Your objective: Set down again exactly the lines of the listing below that fall between the line holding "HS2 announces shortlist" and the line holding "The next guest", inclusive.

Source information:
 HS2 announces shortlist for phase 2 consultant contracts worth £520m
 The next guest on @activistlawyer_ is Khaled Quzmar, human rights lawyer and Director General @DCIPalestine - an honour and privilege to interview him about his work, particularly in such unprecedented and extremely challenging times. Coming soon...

* * *

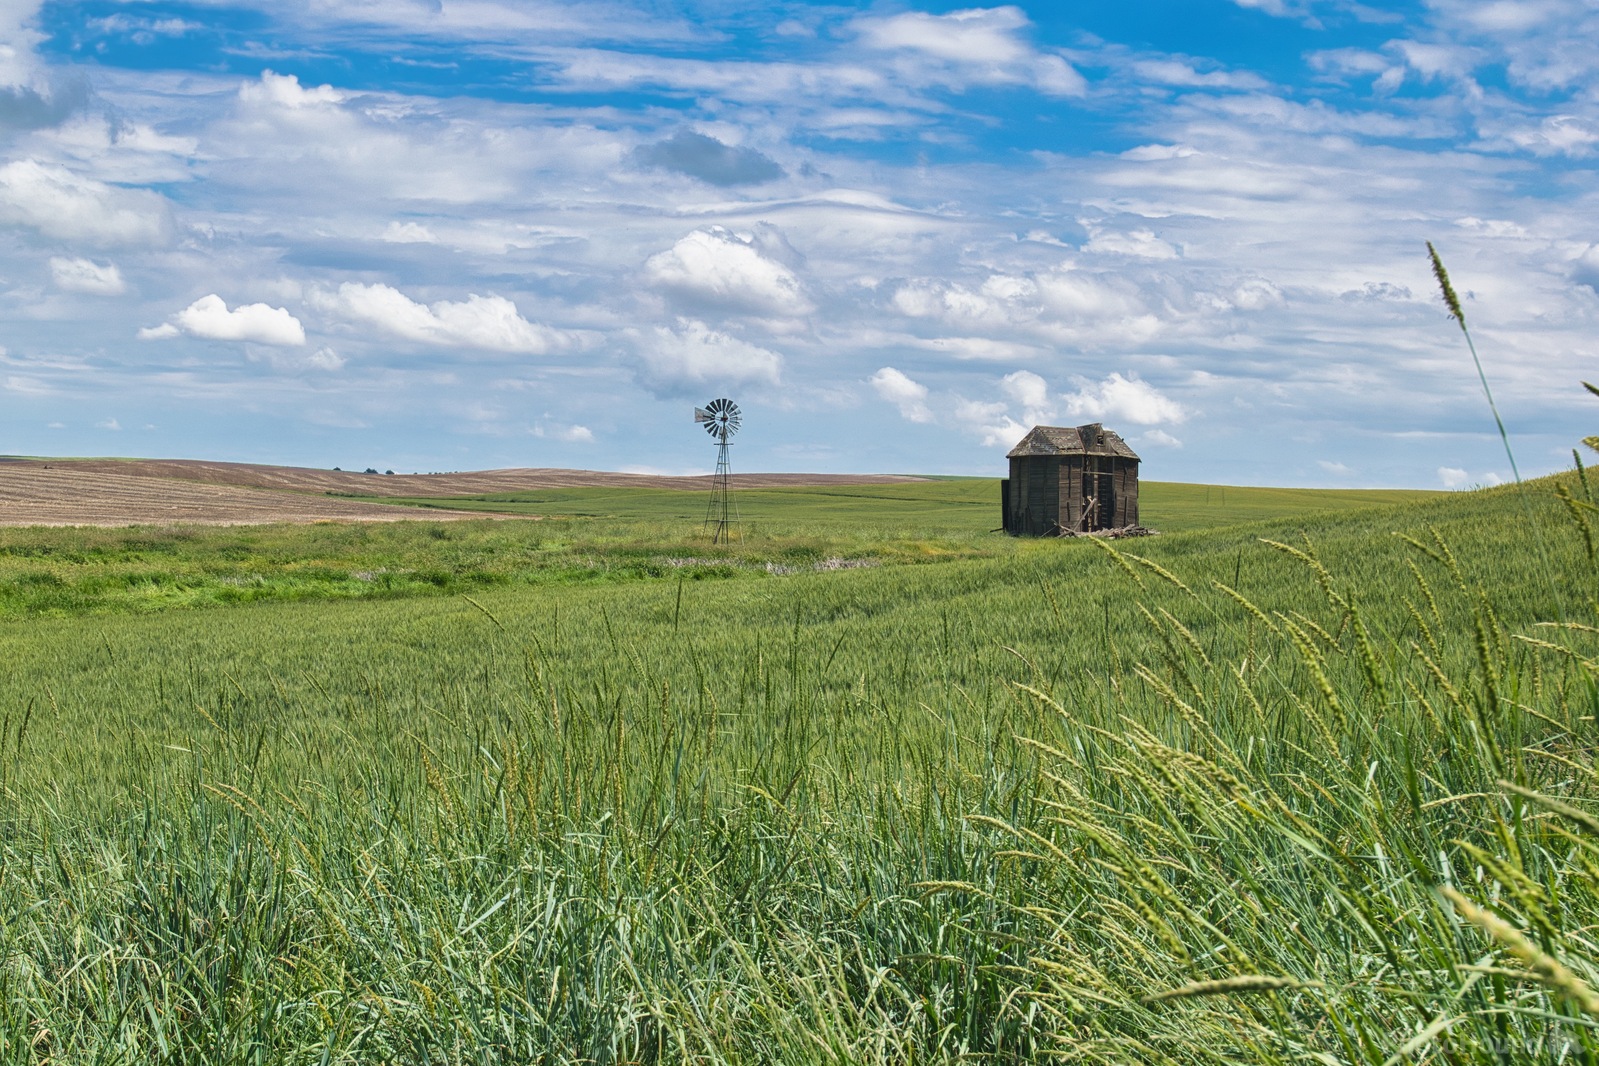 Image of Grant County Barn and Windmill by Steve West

Written answer:
 HS2 announces shortlist for phase 2 consultant contracts worth £520m
 The next guest on @activistlawyer_ is Khaled Quzmar, human rights lawyer and Director General @DCIPalestine - an honour and privilege to interview him about his work, particularly in such unprecedented and extremely challenging times. Coming soon...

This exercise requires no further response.